Department of Pharmaceutical Sciences, School of Pharmacy, University of Maryland, Baltimore, Maryland 21201, USA.
J Phys Chem A. 2013 Feb 21;117(7):1560-8. doi: 10.1021/jp308364d. Epub 2013 Feb 12.
Base stacking is known to make an important contribution to the stability of DNA and RNA, and accordingly, significant efforts are ongoing to calculate stacking energies using ab initio quantum mechanical methods. To date, impressive improvements have been made in the model chemistries used to perform stacking energy calculations, including extensions that include robust treatments of electron correlation with extended basis sets, as required to treat interactions where dispersion makes a significant contribution. However, those efforts typically use rigid monomer geometries when calculating the interaction energies. To overcome this, in the present work, we describe a novel internal coordinate definition that allows the relative, intermolecular orientation of stacked base monomers to be constrained during geometry optimizations while allowing full optimization of the intramolecular degrees of freedom. Use of the novel reference frame to calculate the impact of full geometry optimization versus constraining the bases to be planar on base monomer stacking energies, combined with density-fitted, spin-component scaling MP2 treatment of electron correlation, shows that full optimization makes the average stacking energy more favorable by -3.4 and -1.5 kcal/mol for the canonical A and B conformations of the 16 5' to 3' base stacked monomers. Thus, treatment of geometry optimization impacts the stacking energies to an extent similar to or greater than the impact of current state of the art increases in the rigor of the model chemistry itself used to treat base stacking. Results also indicate that stacking favors the B-form of DNA, though the average difference versus the A-form decreases from -2.6 to -0.6 kcal/mol when the intramolecular geometry is allowed to fully relax. However, stacking involving cytosine is shown to favor the A-form of DNA, with that contribution generally larger in the fully optimized bases. The present results show the importance of allowing geometry optimization, as well as properly treating the appropriate model chemistry, in studies of nucleic acid base stacking.

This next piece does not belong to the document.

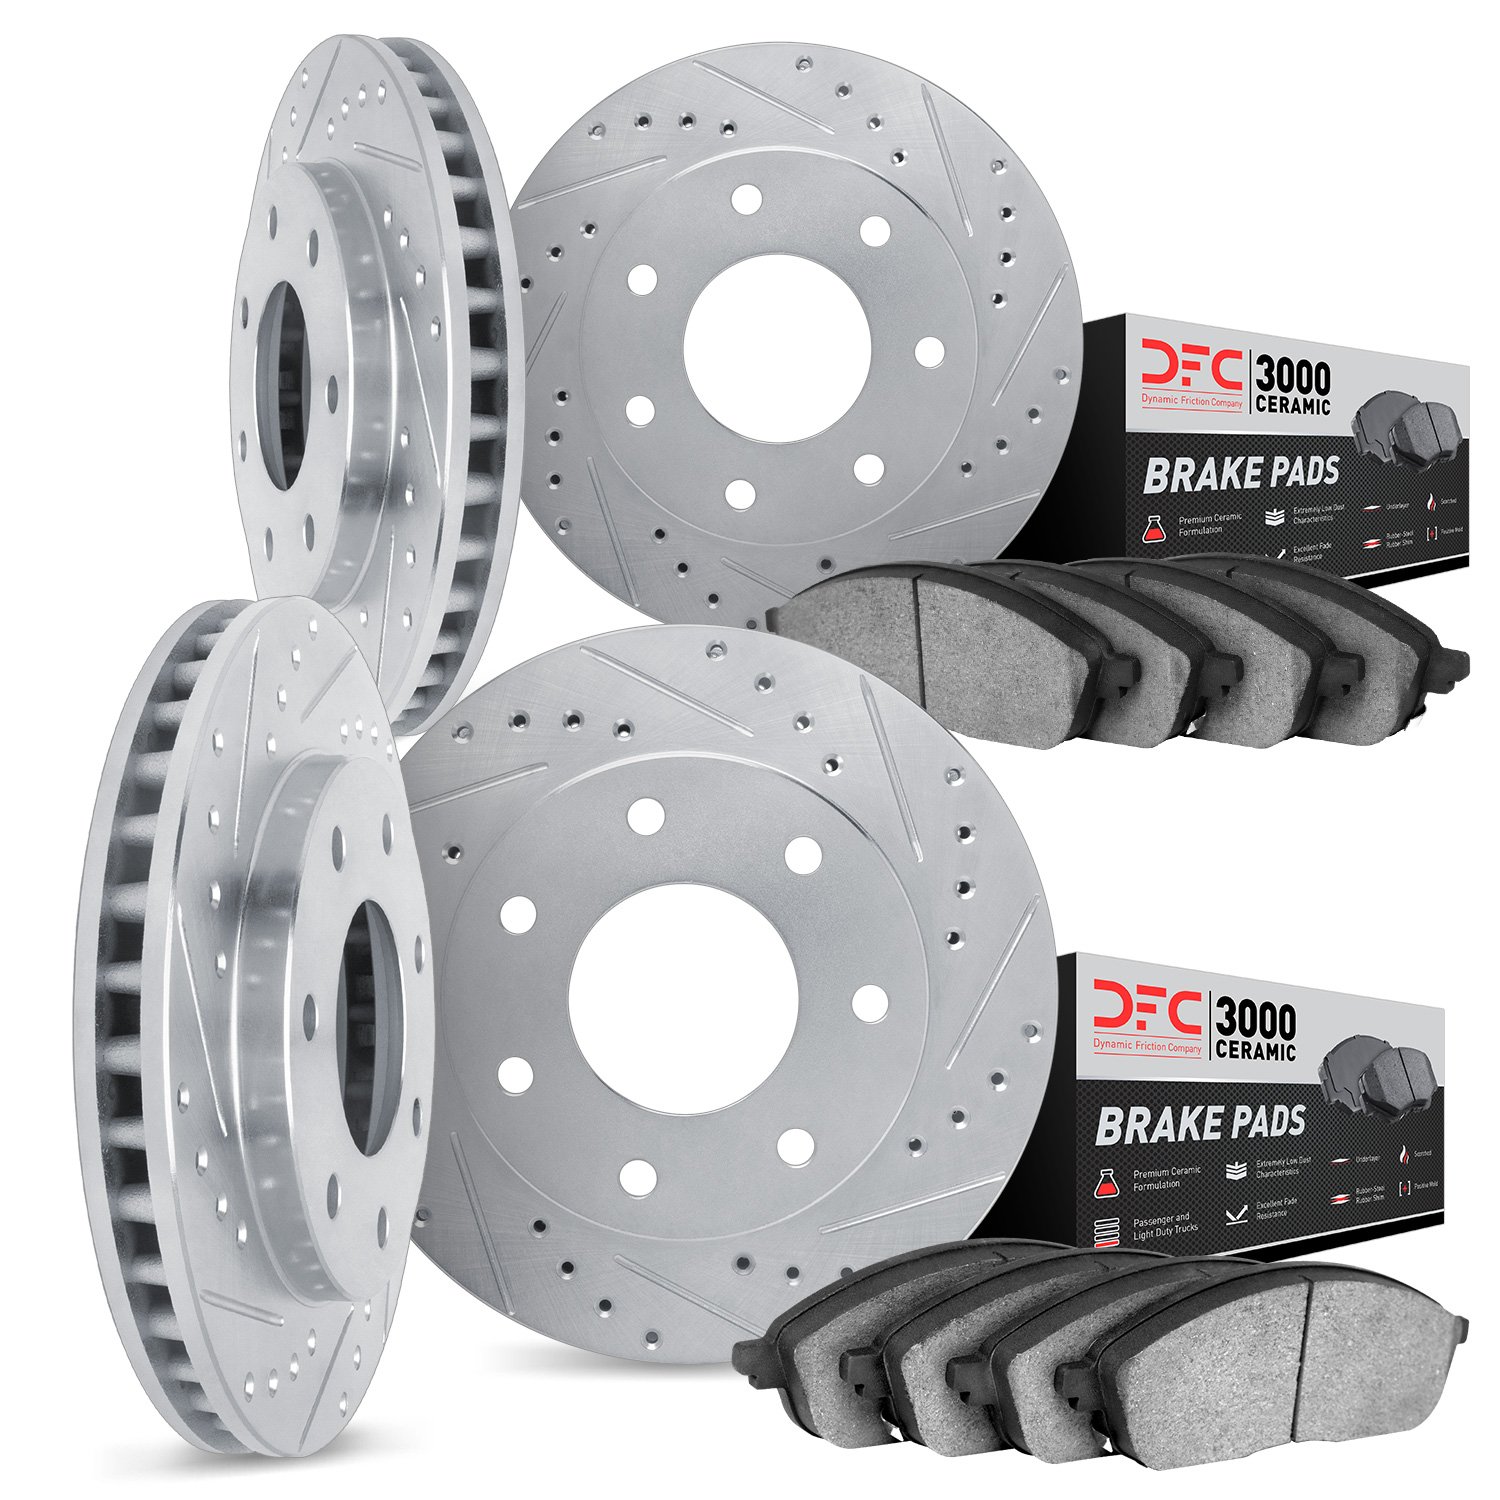 7304-54064 Drilled/Slotted Brake Rotor with 3000-Series Ceramic Brake Pads Kit [Silver], 2004-2008 Ford/Lincoln/Mercury/Mazda, P

碱基堆积被认为对 DNA 和 RNA 的稳定性有重要贡献,因此,人们正在努力使用从头算量子力学方法计算堆积能。迄今为止,在用于执行堆积能计算的模型化学中已经取得了令人印象深刻的改进,包括扩展到包括扩展基组的稳健电子相关处理,以处理其中分散作用有重要贡献的相互作用。然而,这些努力在计算相互作用能时通常使用刚性单体几何形状。为了克服这一问题,在本工作中,我们描述了一种新的内部坐标定义,允许在几何优化过程中约束堆叠碱基单体的相对、分子间取向,同时允许完全优化分子内自由度。使用新的参考框架计算完全几何优化与将碱基约束为平面对碱基单体堆积能的影响,结合密度拟合、自旋分量标度 MP2 处理电子相关,表明完全优化使平均堆积能更加有利,对于 16 个 5' 到 3' 碱基堆叠单体的典型 A 和 B 构象,分别有利 -3.4 和 -1.5 kcal/mol。因此,几何优化处理对堆积能的影响程度与用于处理碱基堆积的模型化学本身的严格程度的最新进展的影响相当或更大。结果还表明,堆积有利于 DNA 的 B 构象,尽管当允许分子内几何形状完全松弛时,与 A 构象的平均差异从 -2.6 减小到 -0.6 kcal/mol。然而,涉及胞嘧啶的堆积有利于 DNA 的 A 构象,在完全优化的碱基中,这种贡献通常更大。本结果表明,在研究核酸碱基堆积时,允许几何优化以及正确处理适当的模型化学非常重要。